Europe owns twice as many U.S. bonds and equities as the rest of the world combined. If the rest of Europe follows Denmark’s lead, that could be an $8 trillion market at risk, Saravelos argued. 

“In an environment where the geo-economic stability of the Western alliance is being disrupted existentially, it is not clear why Europeans would be as willing to play this part,” he wrote. 

Back in the U.S., the markets also sold off as the Nasdaq and S&P both fell 2% Tuesday, already shedding the entirety of Greenland’s value on Trump’s threats, University of Michigan economist Justin Wolfers noted.
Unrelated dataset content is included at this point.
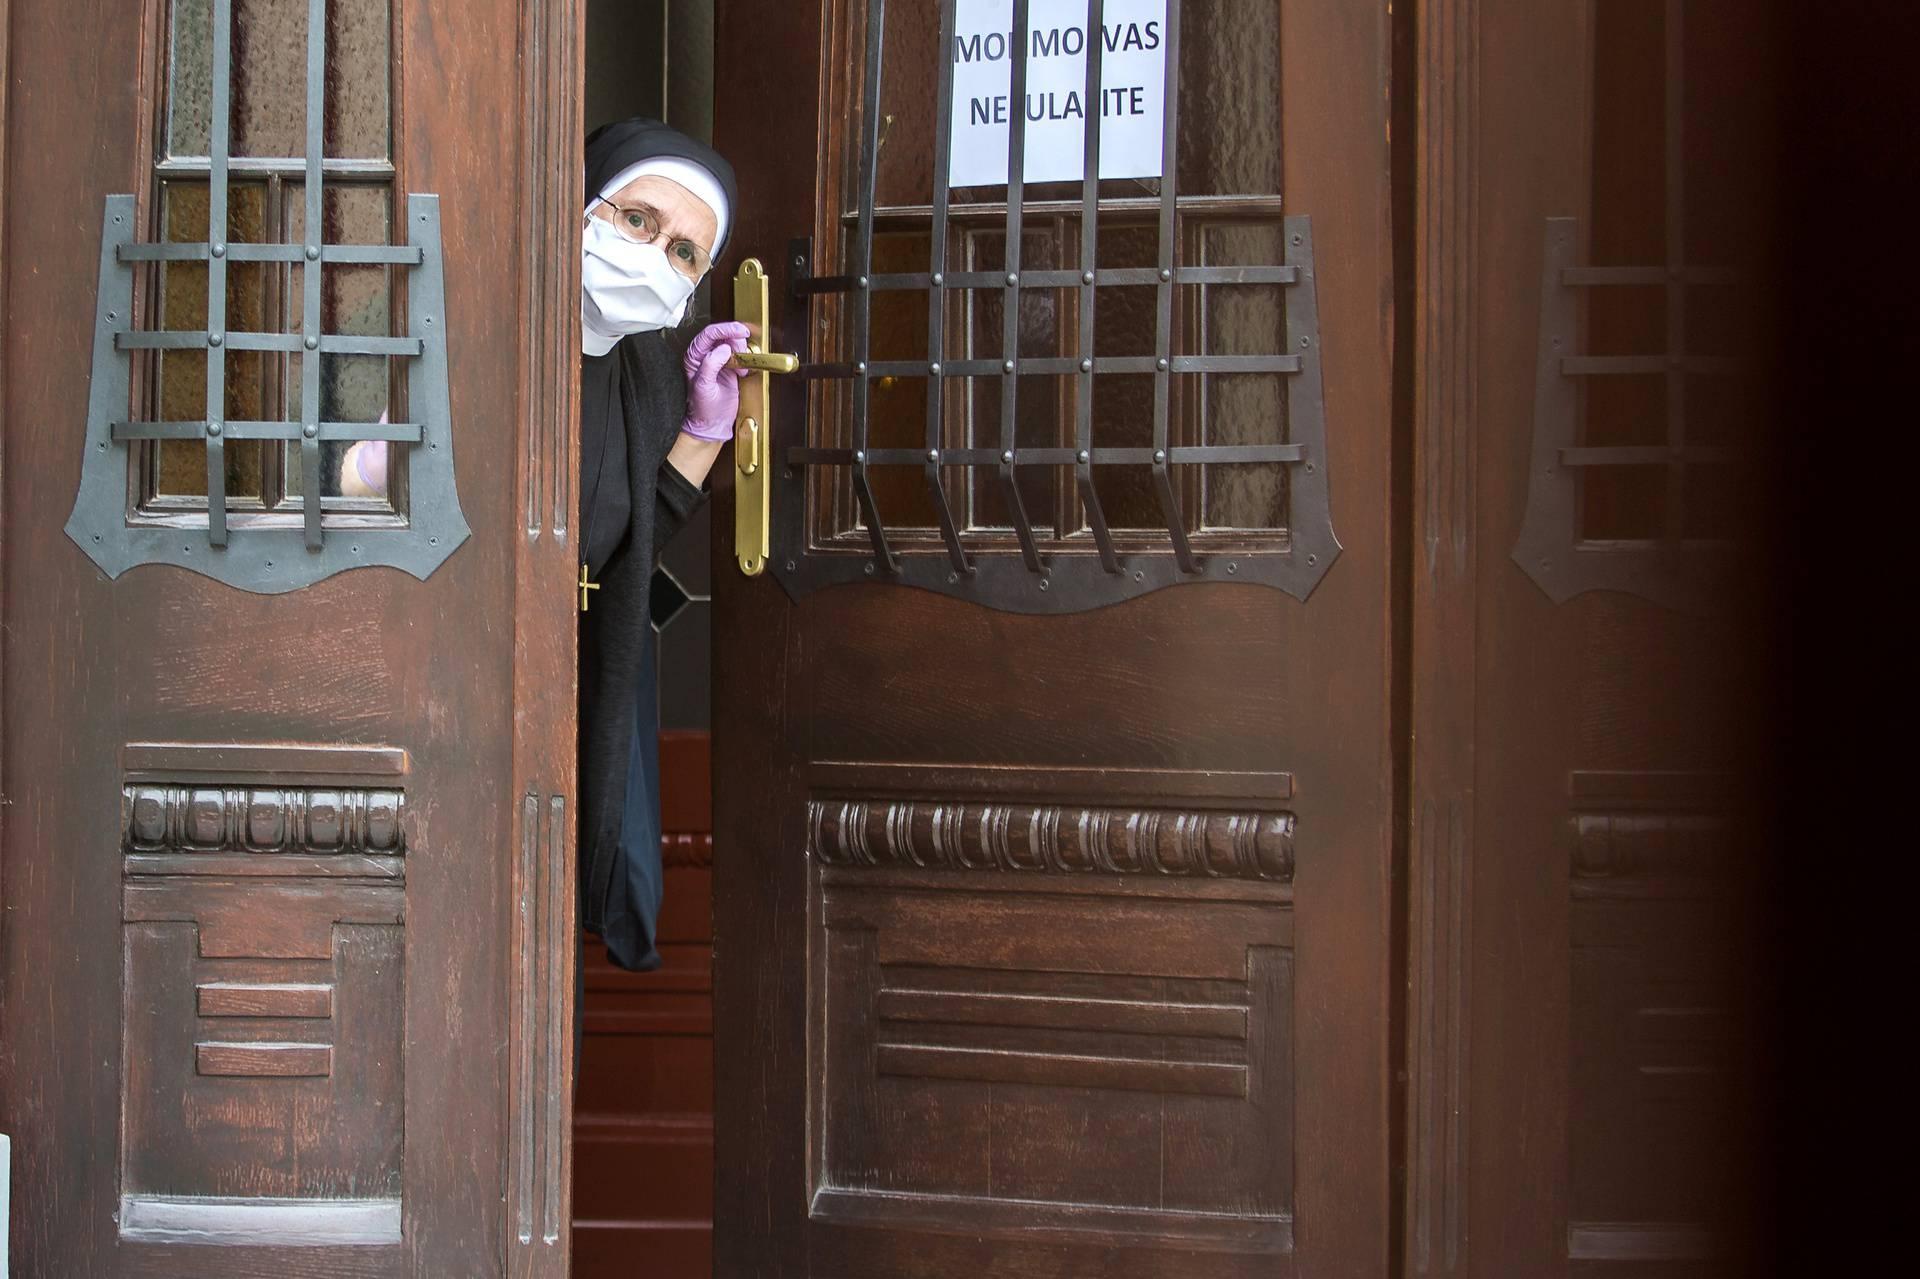 Korona stigla u samostan nakon posjeta časnih s Kosova: 'Svega smo se čuvale, ali nije pomoglo'

Analysts and investors are uneasy, given the history of Trump declaring a stark tariff before negotiating with the country to take it down, also known as the “TACO”—Trump always chickens out—effect. Investors have been “burnt before by overreacting to tariff threats,” Jim Reid of Deutsche Bank noted. That’s a similar stance to the UBS bank chief: If you react too much to headlines, you’ll miss the great innovation that’s pushed the stock market to record highs for the past three years.

“I wouldn’t really bet against the U.S.,” he said.